Although the parties may have owed each other a fiduciary duty in other respects, there is no basis in this case for an inference that a fiduciary or confidential relationship existed between them with respect to the transaction at issue. It follows that the appellant was not entitled to disregard the plain language of the documents which he was signing. Accord Charles v. Simmons, 215 Ga. 794, 796 (113 SE2d 604) (1960); Thomas v. Eason, 208 Ga. 822, 827 (3) (69 SE2d 729) (1952). None of the remaining cases cited by the appellant can be considered authority for a contrary conclusion. In Cochran v. Murrah, supra, the parties were not business associates. Rather, the plaintiff was a farm laborer who had worked for the defendant for many years, living in a house provided by him and accepting without question whatever wages the defendant determined were due him.
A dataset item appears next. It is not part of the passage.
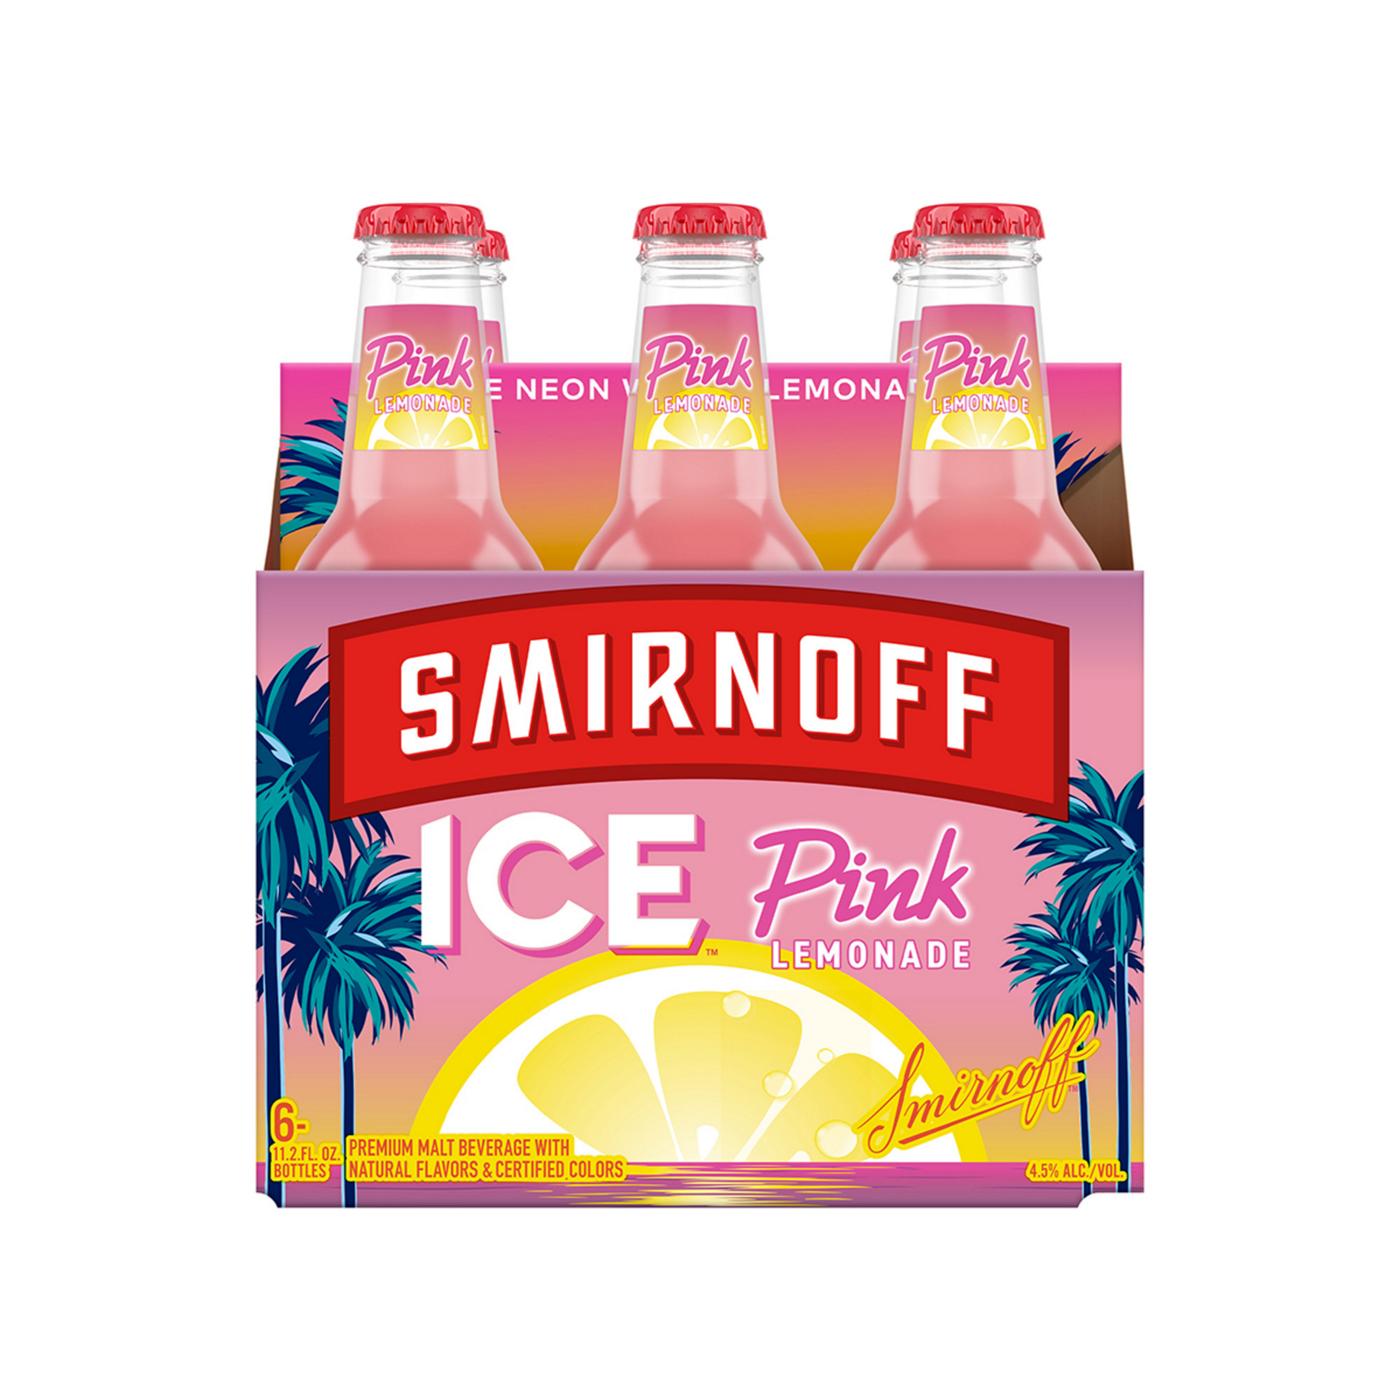 Smirnoff Ice Pink Lemonade; image 1 of 5

An employer-employee relationship was also involved. In Capriulo v. Bankers Life Co., 178 Ga. App. 635 (344 SE2d 430) (1986), where the plaintiff was persuaded by his former boss to leave his existing job and come to work for the employer for whom the former boss now worked. We held that the plaintiff was entitled under the circumstances to rely on assurances made by his former boss to the effect that the new employer's group health insurance plan would cover a pre-existing medical condition from which he was known to suffer. The relationship under consideration in Sutton v. McMillan, 213 Ga. 90 (97 SE2d 139) (1957), was that of brother and sister and was marked by a great disparity in education and business experience. The case of Sanders v. Looney, 247 Ga. 379 (276 SE2d 569) (1981), similarly involved a close blood relationship, as well as application of the principle that "`(E)quity will not permit a person who is or is about to become, an administrator to profit from his transactions with the hiers to their prejudice.' (Emphasis supplied.) (Cit.)" Id. at 381.

*205 3. The appellant's contention that he did not understand the legal effect of the documents which he signed is, in any event, refuted by undisputed evidence that after signing the closing documents, but prior to his default on the promissory note, he contracted to sell the shares of stock in question to the corporations' remaining shareholder, pursuant to a written agreement in which he claimed unequivocally to be the owner of the shares. The evidence in this case thus affords no basis upon which the appellant can escape his obligation under the note and stock purchase agreement, with the result that the trial court did not err in granting the appellee's motion for summary judgment.

Judgment affirmed. Birdsong and Beasley, JJ., concur.